As I understand that one, it was caused by the hockey gods when the Rangers had the hubris to burn the (paid-off) Madison Square Garden mortgage in the Stanley Cup.
Can someone explain to me the piano? I know Babe supposedly pushed it into a lake, but I’m not clear on 1) why and 2) why it’s believed by some to be the source of the curse and 3) why anyone thinks if they haven’t found it by now, that they ever will.
For a further, detailed and well-written exposition on the events surrounding Ruth’s sale to the Yankees, Read this excerpt of Babe Ruth : Launching the Legend
by Jim Reisler, provided by WNYC.org. I promise, if you are at all interested in this, you will not be sorry.
Very good article, except, it continues the myth that Frazee needed the money. He didn’t. The Red Sox were very profitable in 1919, and Frazee’s new production of “My Lady Friends” was earning him $3,000 a week and had a run of a little over a year.
The usual idea is that the Baseball Gods are angry because the Red Sox had been gifted with the best player ever to play the game, and they let him get away. What’s worse, they didn’t trade him for other players, but sold him for filthy lucre.

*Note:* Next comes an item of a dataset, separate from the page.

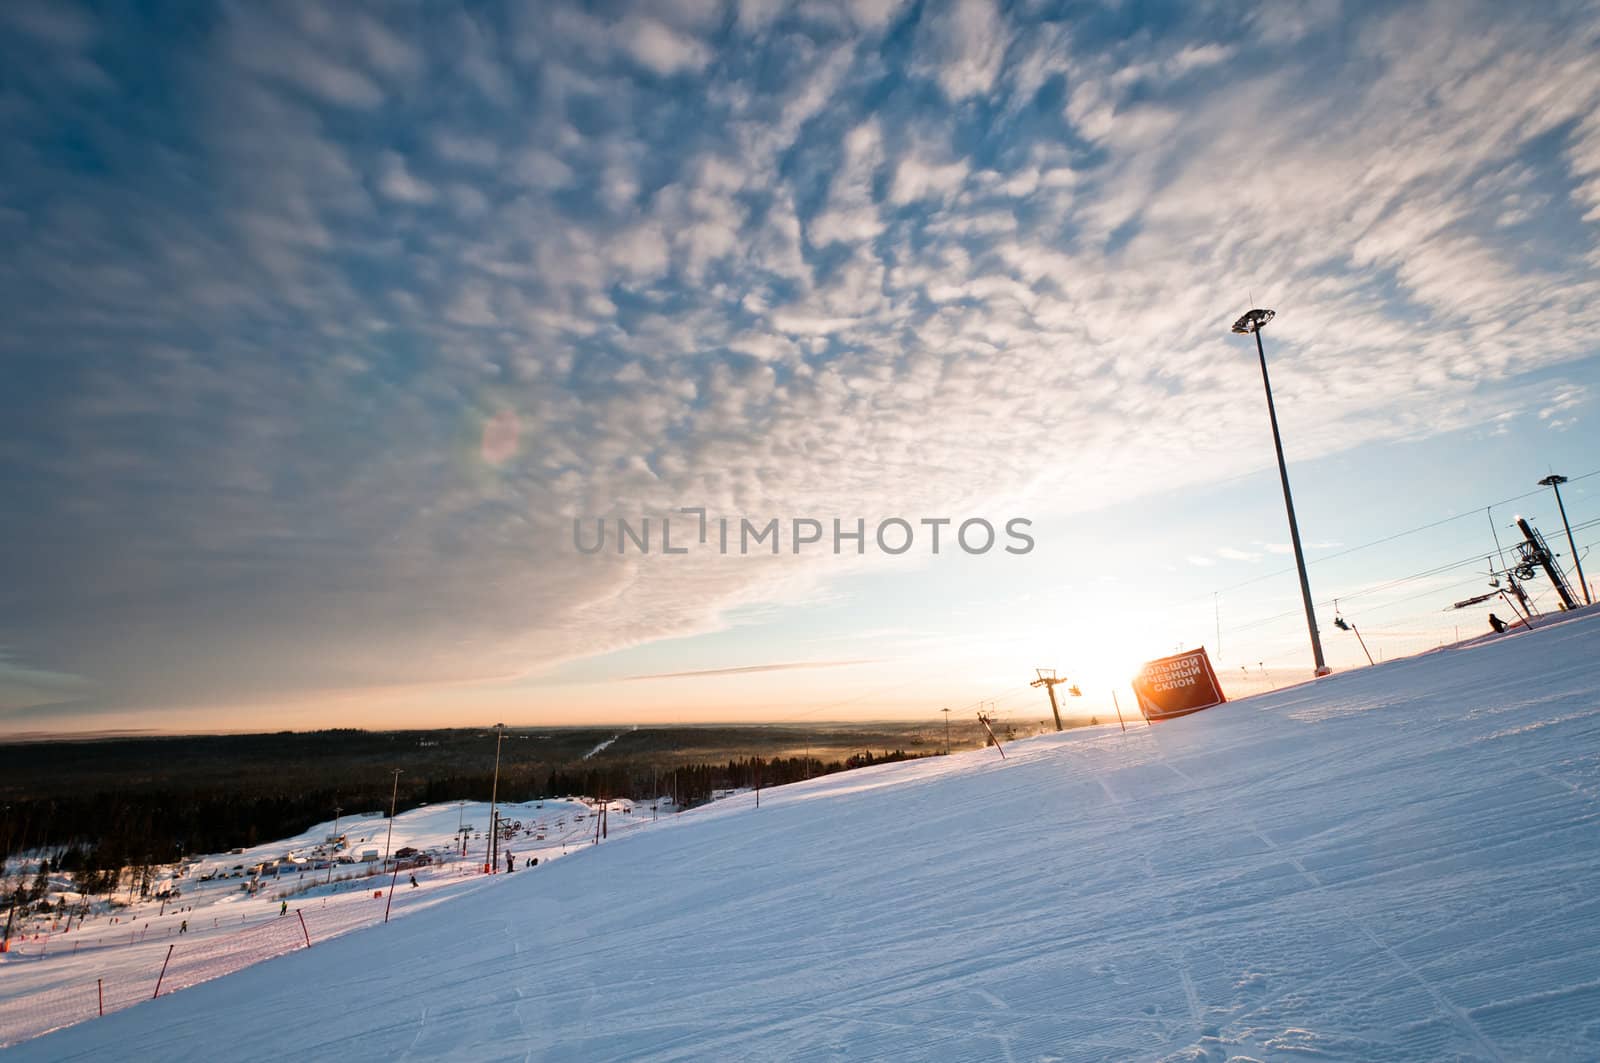 Ski resort big training slope at sunrise with tracks and trails

What has contributed to the legend is the excruciating way in which the Red Sox have repeatedly come close to winning a Series or a Pennant and then had it snatched away at what seems the last possible instant.
1947: The Red Sox lose the seventh game of the World Series to the Cardinals when shortstop Johnny Pesky holds the ball a split second too long and Enos Slaughter scores from first base.

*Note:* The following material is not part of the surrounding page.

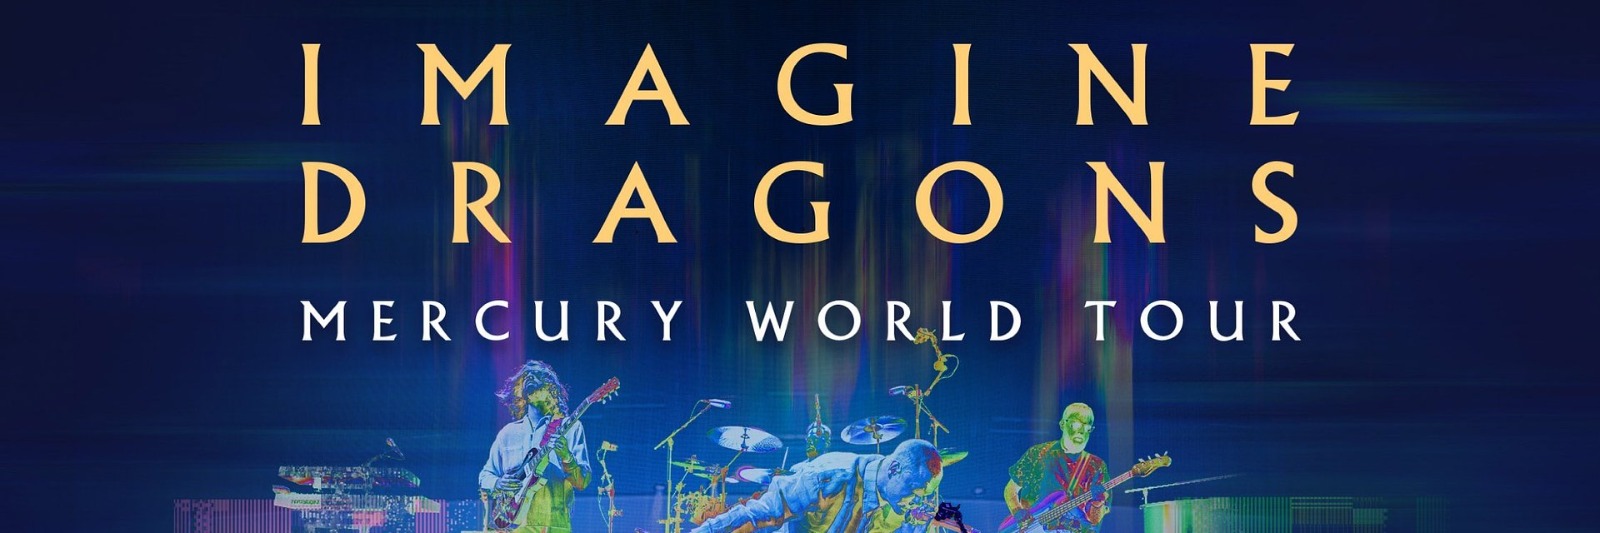 Imagine Dragons llevará su "Mercury World Tour" a Monterrey en mayo 2023 2

1948: The Red Sox tie Cleveland on the last day of the season by beating the Yankees, then lose a one-game playoff
1949: Needing only one win to clinch, the Red Sox lose the last two games of the season, and the pennant, to the Yankees, who go on to win the Series
1967: The Red Sox lose the World Series to the Cardinals in the seventh game.

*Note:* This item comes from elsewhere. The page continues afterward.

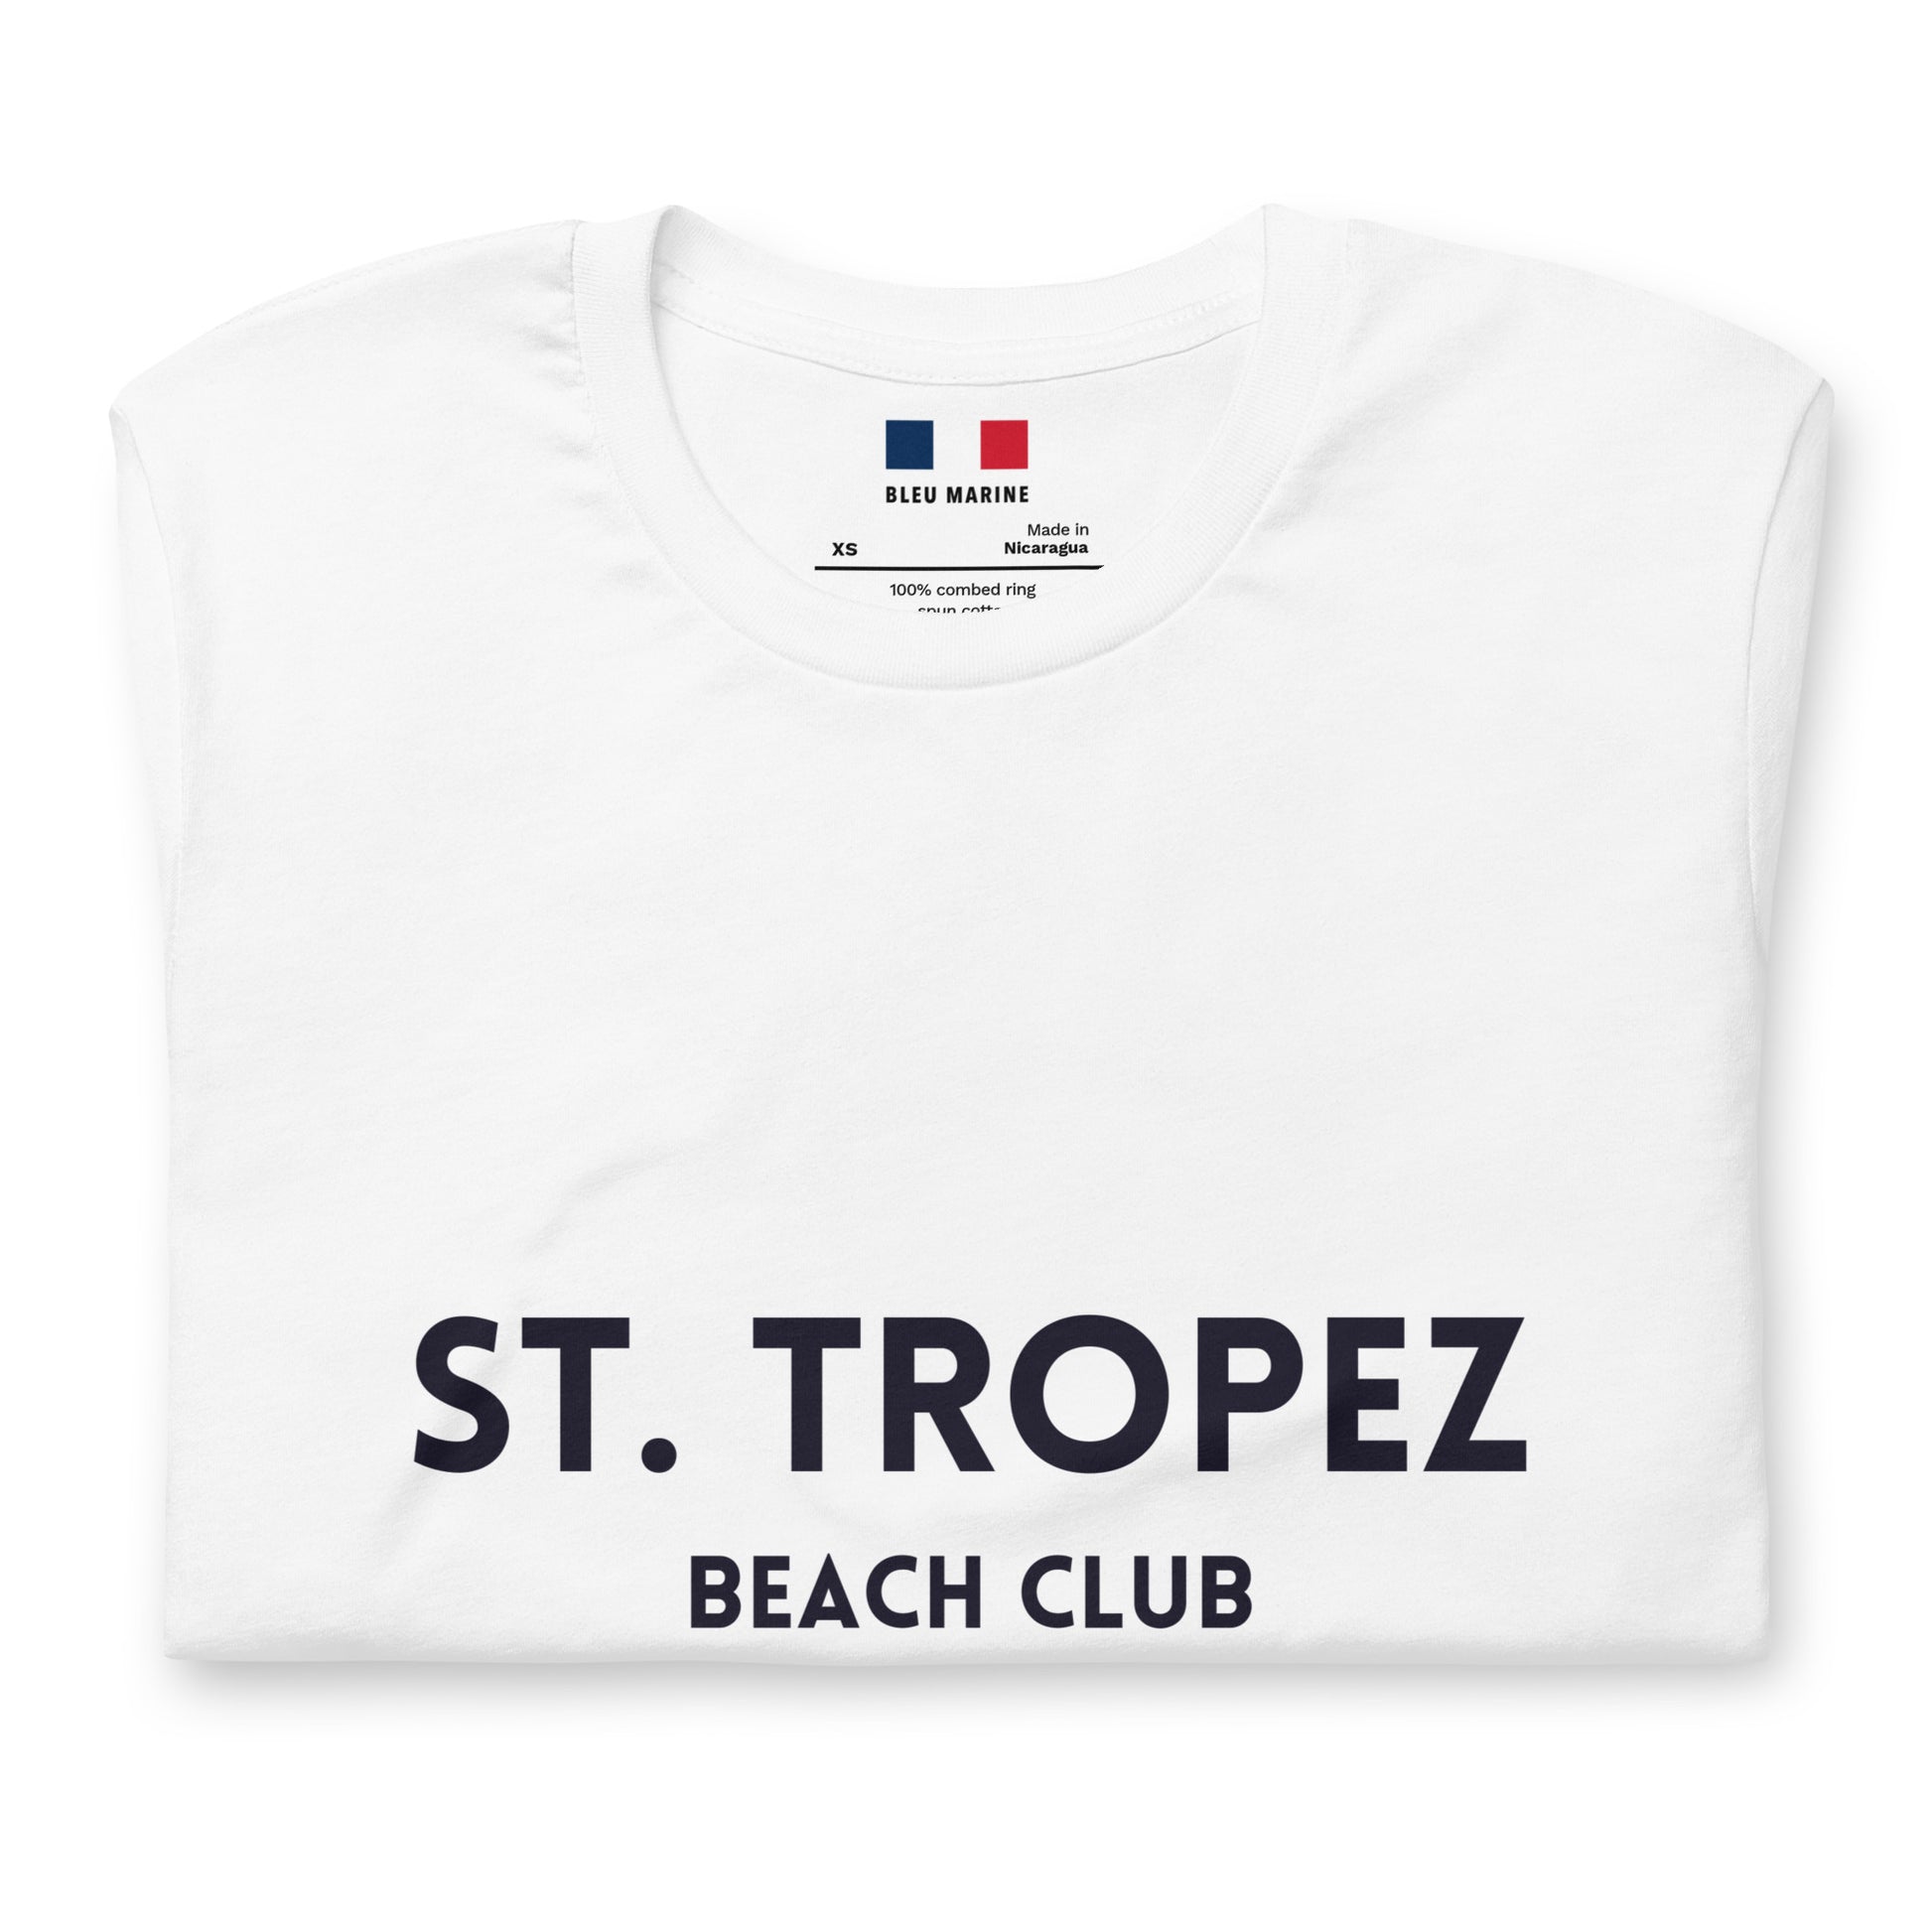 – St. Tropez Marine Bleu Clothing t-shirt

1975: The Red Sox play the Reds in the World Series. They win game six on Carleton Fisk’s home run in one of the most dramatic World Series games ever played, then lose the seventh game
1978: The Red Sox lead the Yankees by 14 games on July 20, but the Yanks catch them and force a one game playoff. The Yankees win on Bucky Dent’s home run and go on to win the Series
The Red Sox win the ALCS against the Angels after having been one strike from elimination in game 5. One win from clinching the Series, they lose game 6 to the NY Mets after being up 2 runs in the 10th inning and having the Mets down to their final strike twice. They lose the seventh game.
The Red Sox win the AL East (Yankees being second) but lose the division series to Cleveland in 3 games
The wild card Red Sox (second to the Yankees) lose the division series to Cleveland 3-1
The wild card Red Sox (second to the Yankees) beat Cleveland in the division series, but lose the ALCS to the Yankees 4-1
The wild card Red Sox (second the Yankees) win the division series but lose the seventh game of the ALCS to the Yankees in extra innings on Aaron Boone’s home run
There’s also the fact that the aspect of their loserdom being losing directly to the Yankees is a relatively recent aspect of The Curse. They went from 1919 to 1999 never having once faced New York in a postseason game, and only twice fighting them directly for the pennant at the end of the regular season, in 1949 and 1978. Until the awe-inspiring 1986 choke, their most heartbreaking close call was against the Indians, not the Yankees, in 1948.
The Curse was always just the fact that the Yankees won all the World Series, and Boston couldn’t even win one; the direct competition angle was magnified by the 1978 playoff game and has been dramatically magnified in the last few years when they started playing against each other in the postseason.
Here’s an article from the Sunday paper about a bat used by Babe Ruth which was won by a California youngster in 1923. The bat has resurfaced and is due to be auctioned in December. Some fear that it might be destroyed to ‘lift the curse’.